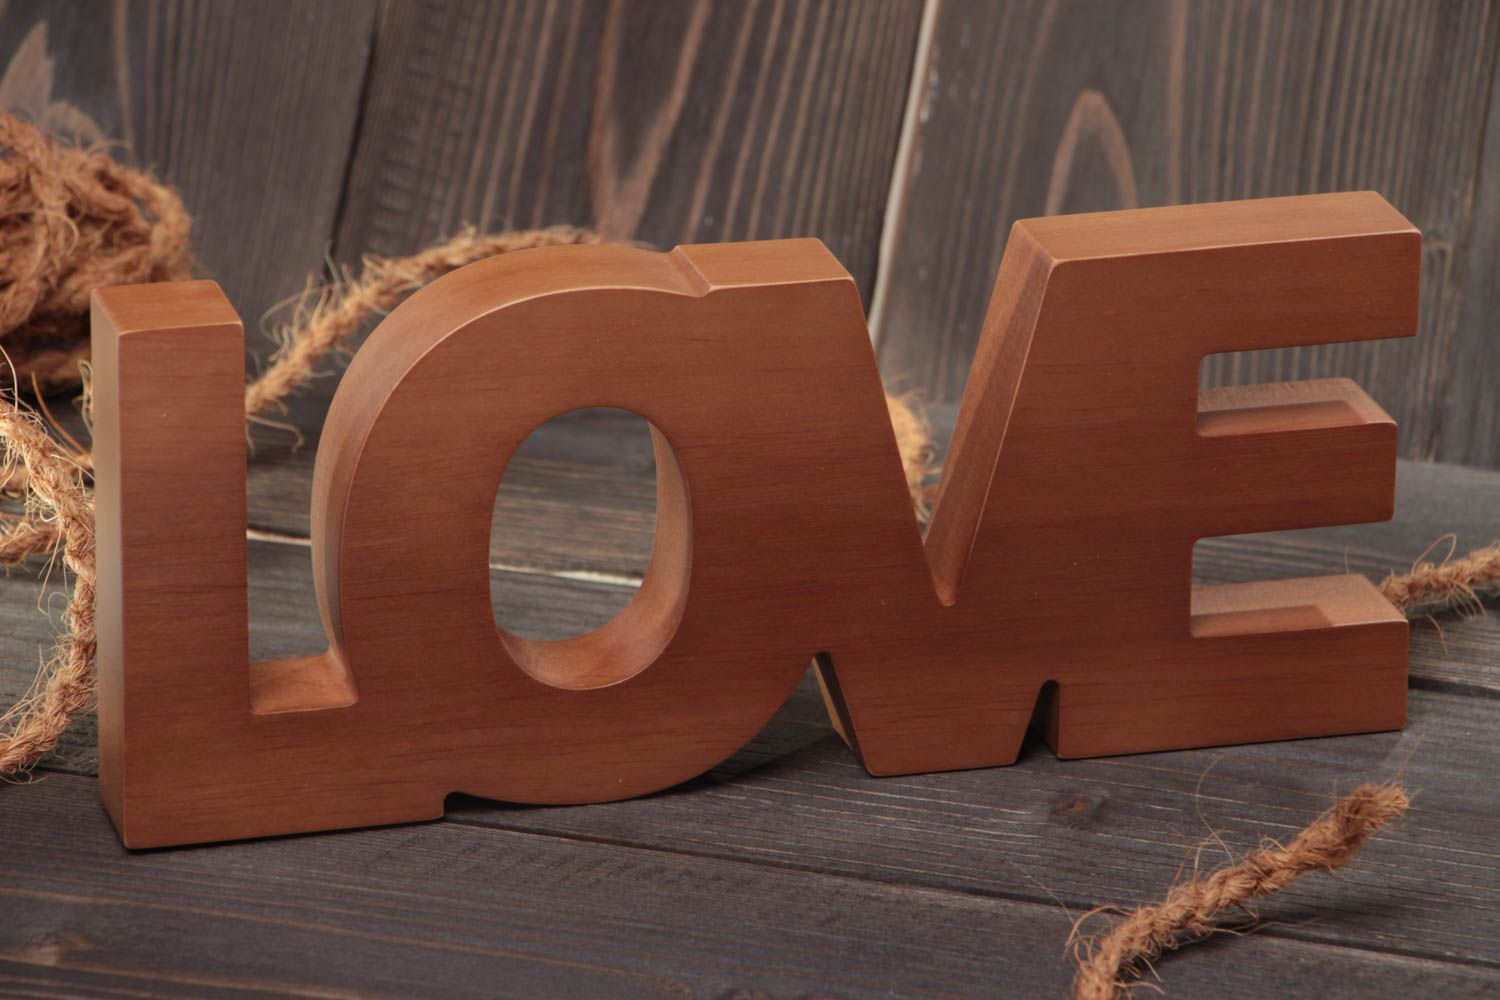 Palabra decorativa love de madera artesanal marrón romántica para decorar casa  foto 1
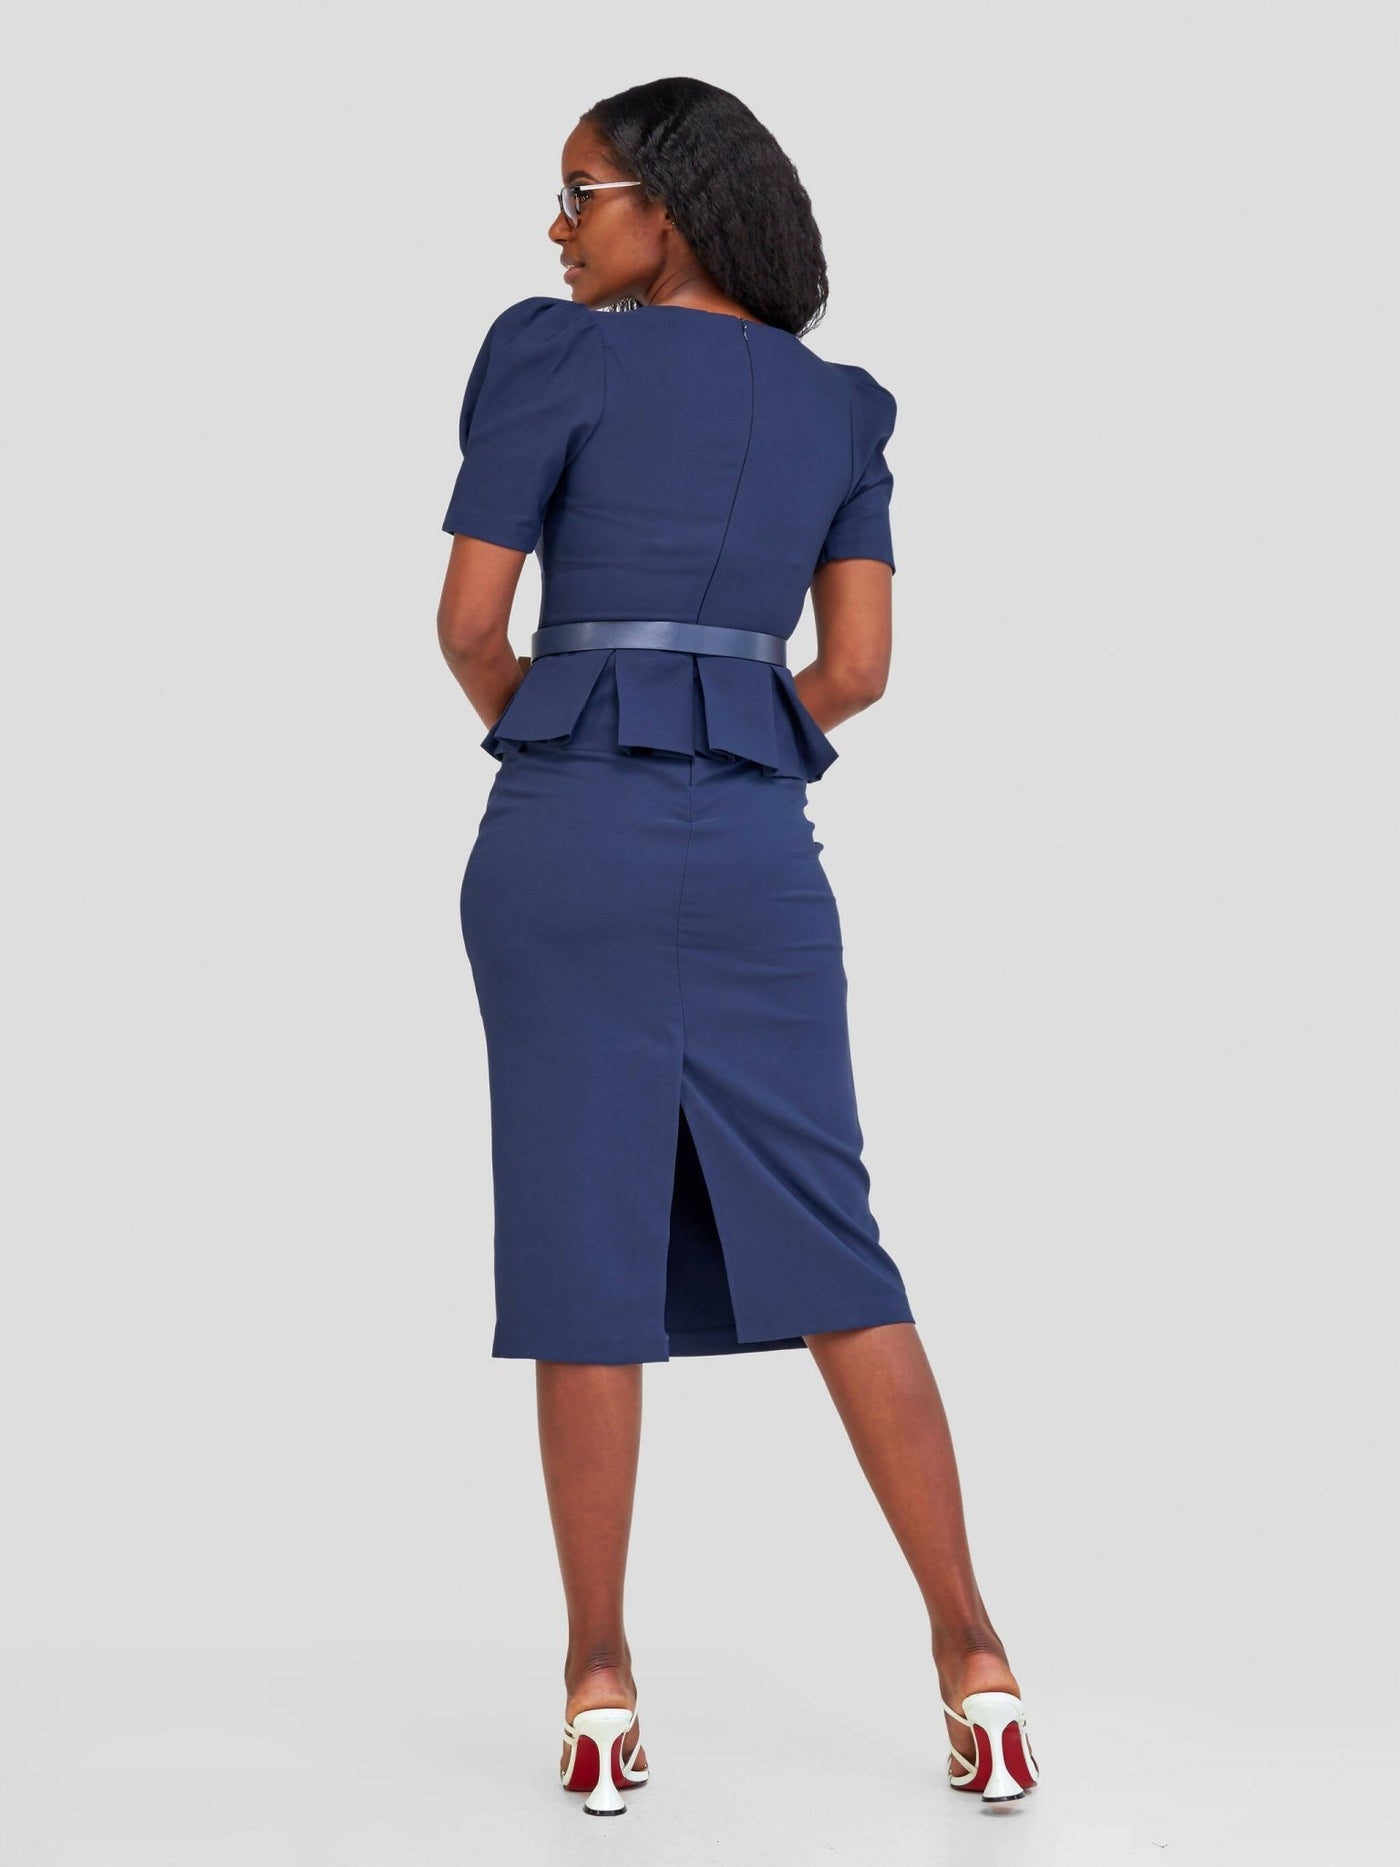 The Fashion Frenzy Belted Peplum Dress - Navy Blue - Shopzetu
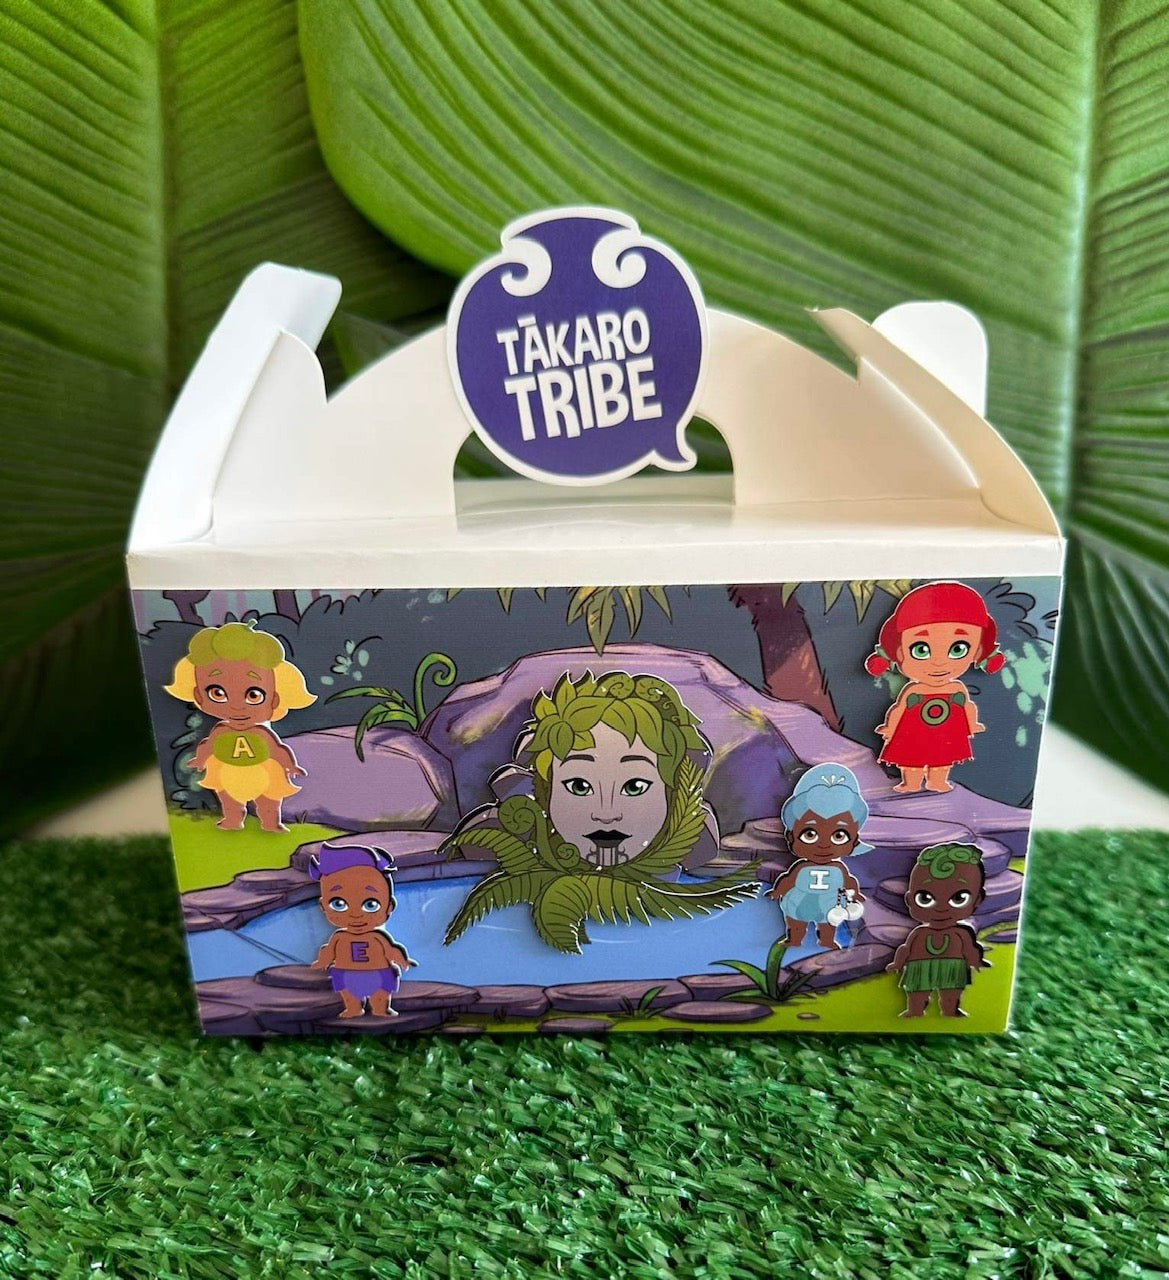 Tākaro Tribe treat boxes

--- --- ---

■ Your assignment ■
The lines from the one containing "The Fashion Frenzy" through the last line above are to be repeated exactly, and only those. Any pictures must be left out.

■ Worked solution ■
 The Fashion Frenzy Belted Peplum Dress - Navy Blue - Shopzetu
 Tākaro Tribe treat boxes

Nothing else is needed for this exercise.